-
Cheshire3: A focus on high performance, network of workstations style operations.
A scalable, extensible platform for information retrieval research. Scalable
performance allows us to explore more resource intensive IR techniques.
-
JavaSpaces - high level coordination mechanism for distributed systems.
Provides a light weight publish/subscribe distributed programming model
-
"messages" in a java space should be small. Use direct, point-to-point
mechanisms for bulk data transfers.
-
Cheshire will have low volume transactions.
-
distributed transactions, leasing, events come for "free"
-
Use JaveSpaces to govern distributed transactions
-
A single operational model for Cheshire that encompasses single node installations,
uniformly administered clusters, as well as independently administered
federations.
-
every operation is a distributed operation
-
an operation is applied over a set of collections
-
collections
-
single node or cluster: can be partitions of other collections
-
federation: can be partitions or subsets of other collections. In other
words, collections in a loosely coupled federation may have overlapping
records.
-
Virtual Collection: the external interface (or view) to collections. A
VC may present only part of the underlying real collection in its interface.
A VC may grow or shrink dynamically within the bounds of the real collection.
A search only needs to be done over documents in VC, not all documents
in the collection. This gives us a way to logically partition a collection
across a number of machines for performance increase, but with built in
redundancy in the case of node failures. When a node failures, its VC is
simply distributed (logically) to other nodes in the cluster.
-
Cheshire servers can be organized into server groups. A server group can
be thought of as an administrative unit.
-
Designing for parallelism and scalability
-
One I/O worker per disk (conceptually). The philosophy here is that we
don't want the OS to attempt more parallelism in software than actually
exists in hardware. If Berkeley DB is intelligent about concurrent accesses
to disk, we already have this effect and don't need to do anything special
here.
-
One data worker for each data resource. Here, a data resource should not
straddle multiple disks. The philosophy is that there is an optimal way
to concurrently access each resource. And the data worker is responsible
for scheduling this access.
-
One compute worker for each CPU (conceptually). The OS can be thought to
be exactly this kind of worker. The OS knows about its CPU resources and
schedules them accordingly.
-
One task worker for each task. A task may be protocol translation, search,
display, update, etc.
-
A distinction should be made between task and data workers in the same
address space and those in difference address spaces. In general, data
intensive tranfers should happen only between data and task workers in
the same address space. Task workers have direct read access to data. Writes
are handled by background data workers.
-
use Profiling tools for performance tuning
-
Building an open system
-
Loosely coupled object architecture
-
distinguish between structural and behavioral patterns in an object architecture
-
superclasses captures the core contract, while interfaces capture ancillary
contracts.
-
objects can be created on demand.
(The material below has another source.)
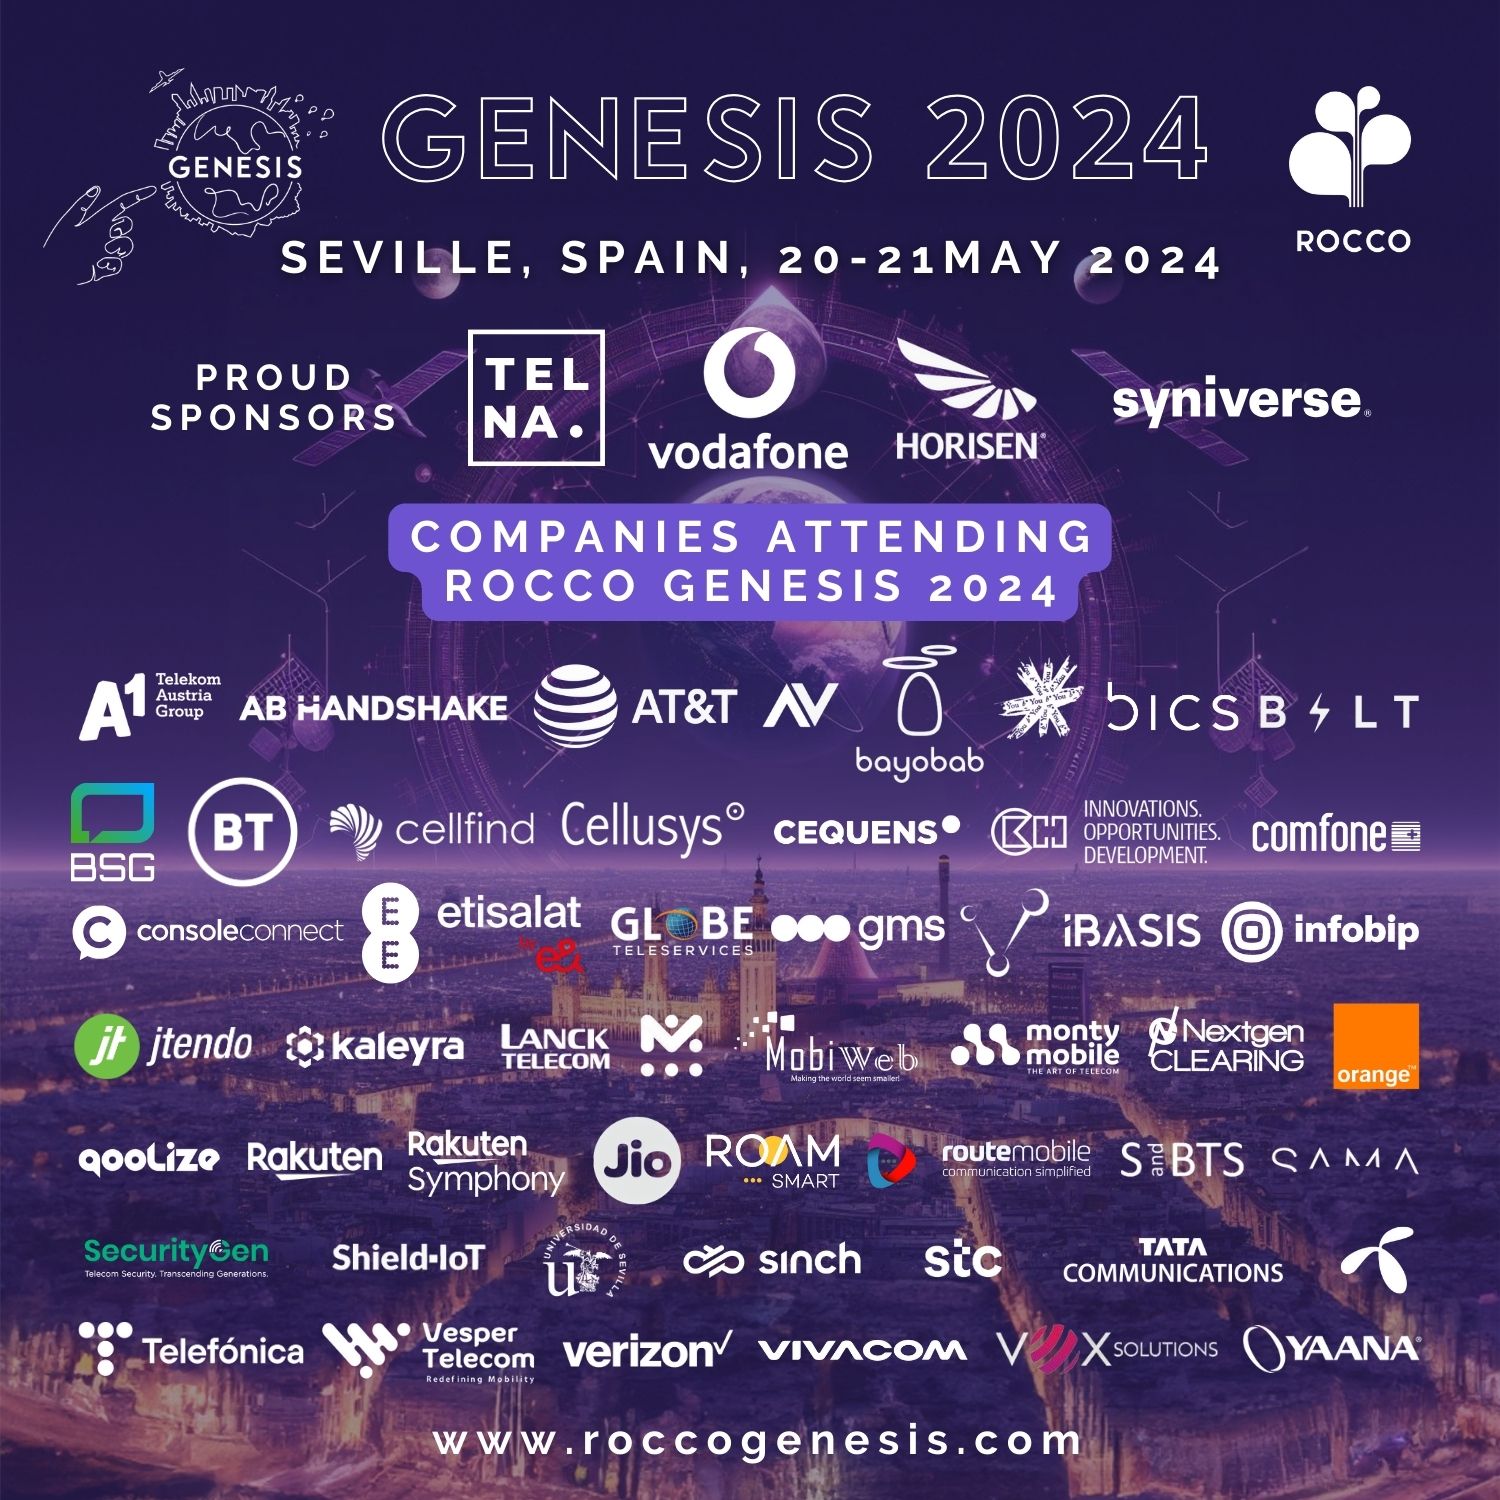 Genesis 2024 attendees
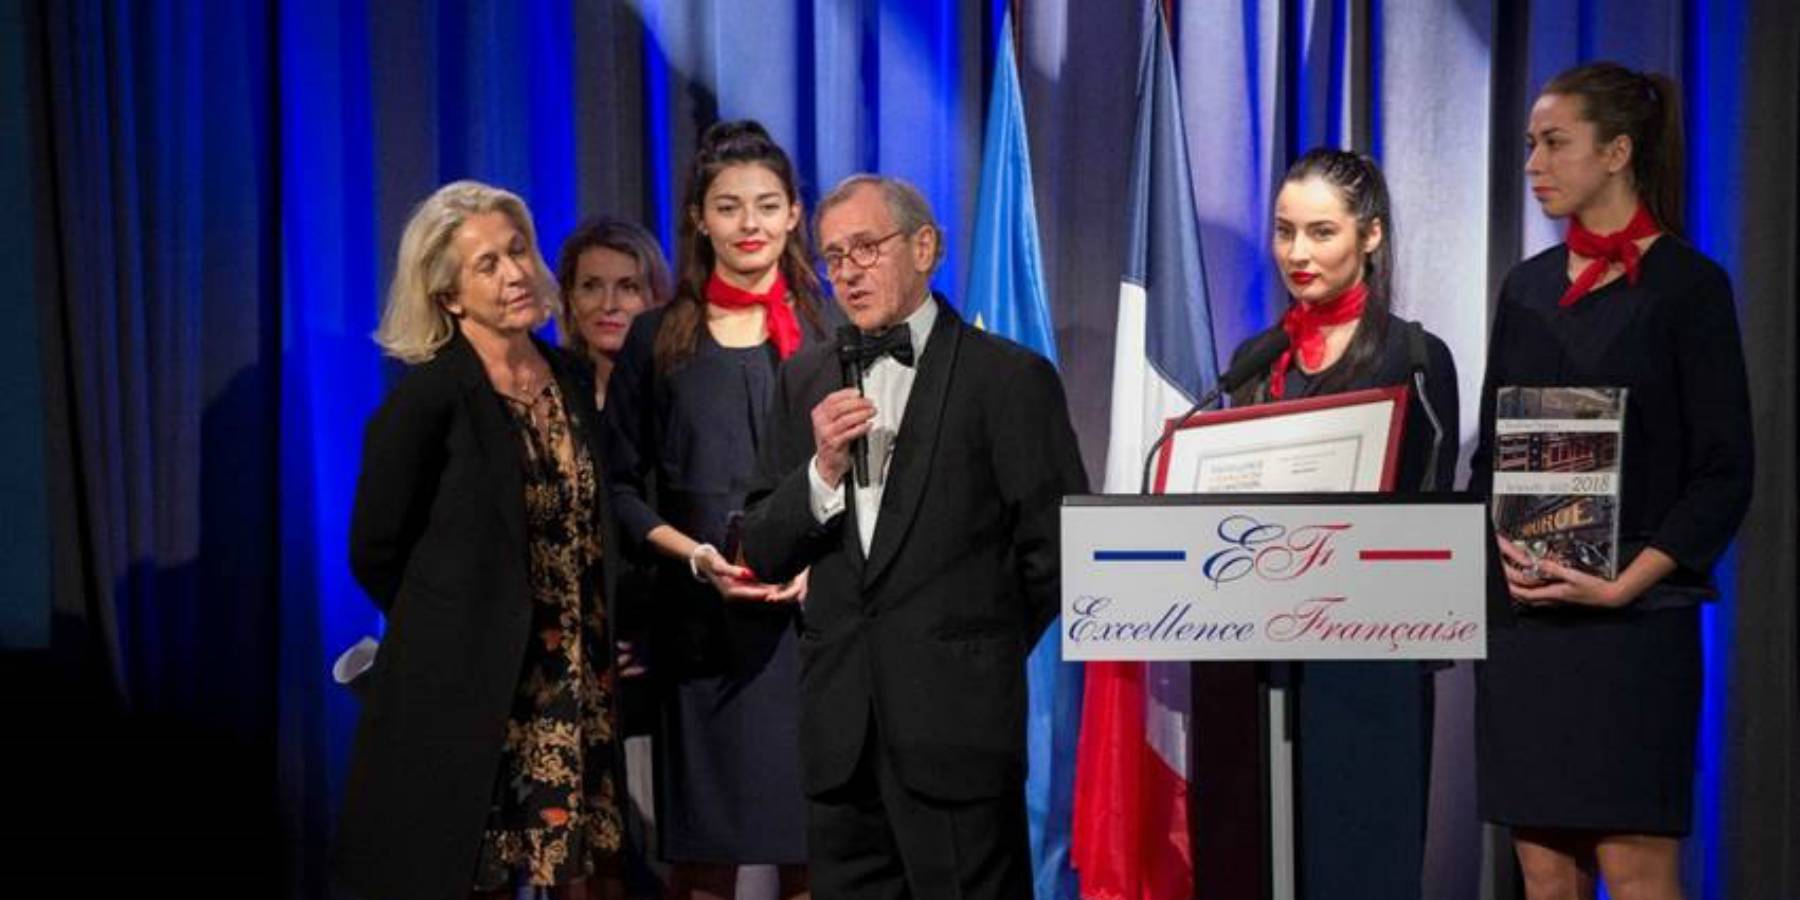 Le Cordon Bleu París recibió trofeo de la Excelencia Francesa

If this is done (could be an attractive
option for Document objects), it should be hidden from clients.
-
object composition (black box reuse) is more reusable than class inheritance
(white box reuse)
-
Reduce the proliferation of types with "unsupported operation" exceptions.
That is, define broad, general types and leave it to implementation to
support or refuse operations.
-
Override uncaughtException in root threadgroup for error handling. All
threads should be decendents of root group.
-
Follow these
code conventions where practical.
-
Packages contain functionally related classes and do not necessarily reflect
on structural patterns. For example, although index and retrieval objects
are aggregated under (managed by) document objects, the index and retrieval
packages are not subpackages of the document package. Using packages to
document structural patterns is both unnecessary and insufficient. They
are, however, a useful way to define behavioral groups; the document package
deals with documents, index package deals with indexing, etc.